Steven Wright — People forget that Steven Wright was the only pitcher from the Red Sox rotation to make the All Star team last year. Who knows what Wright’s season might’ve become had John Farrell not idiotically used him as a pinch runner in LA against the Dodgers, resulting in Wright diving back to the bag headfirst and injuring his shoulder, an injury that apparently he’s still recovering from. I don’t know how the fuck that’s possible, but we’re gonna roll with it. He’s out of contract options, which is how he ended up in the rotation last year, and that will also play in his favor again this year. Wright hasn’t thrown off a mound yet this spring, but he’s still on schedule to get a routine amount of appearances in spring training if he progresses normally. All that being said, what can we actually expect from Wright in 2017? The knuckleball in and of itself is completely unpredictable, but you mix in the fact that Wright is a 32-year-old with zero full major league seasons under his belt, and what can you really expect? Nothing, right? Anything impactful that you get from Wright is a bonus, no? We’ll see!

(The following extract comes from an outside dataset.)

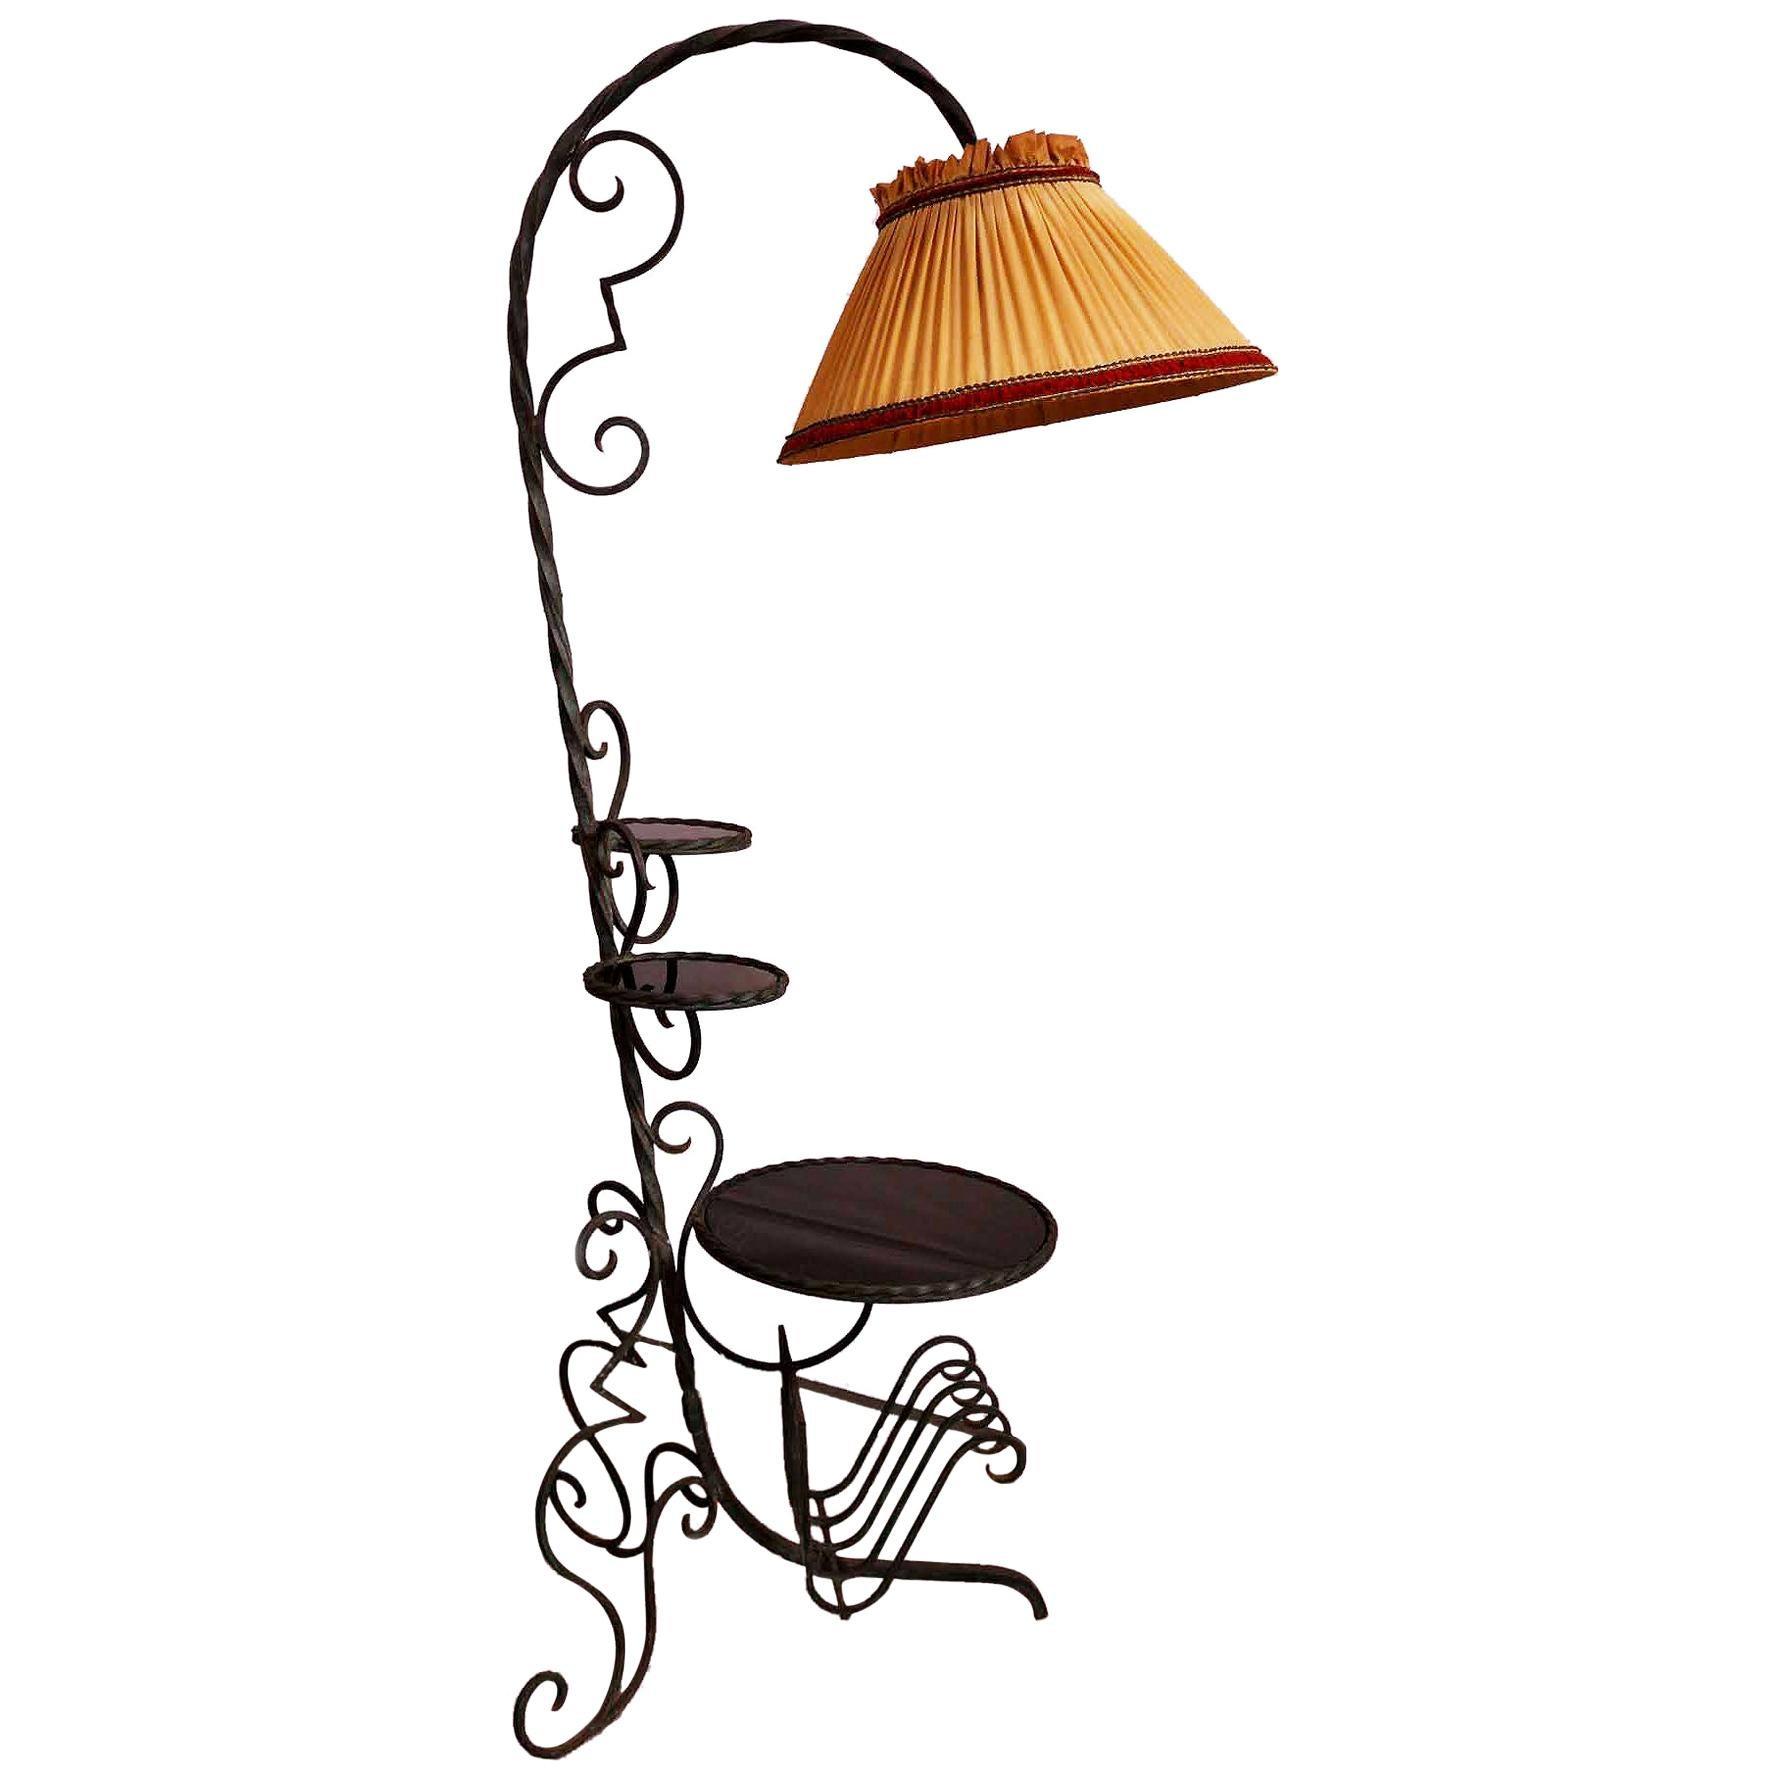 Midcentury Floor Lamp French Wrought Iron Black Glass Plant Stand Magazine Rack

Drew Pomeranz — I don’t know why the Red Sox are committing to the idea of having Drew Pomeranz in the rotation to start the season. Well, I do know why, but the reasoning is stupid. They traded their top pitching prospect for him, so they want to maximize the return on that deal so that they don’t look dumb for trading their top pitching prospect for a relief pitcher. I get it. But he made 13 starts for the Red Sox last season, averaged 5.1 innings per start, and pitched at least 6 innings just five times in those 13 starts. He was basically just a relief pitcher that started the games. Might as well just stick him in the bullpen, and use him in spots that actually make sense. Not only that, but he hasn’t thrown off a mound yet this spring either, and had friggin’ stem cell injections in his elbow last October. That sounds terrific. Are the Red Sox inevitably going to regret this Pomeranz trade? Can Pomeranz actually be a decent starter in the American League? Will he end up back in the bullpen? Will he even be healthy enough to contribute and make a noticeable impact on this year’s team?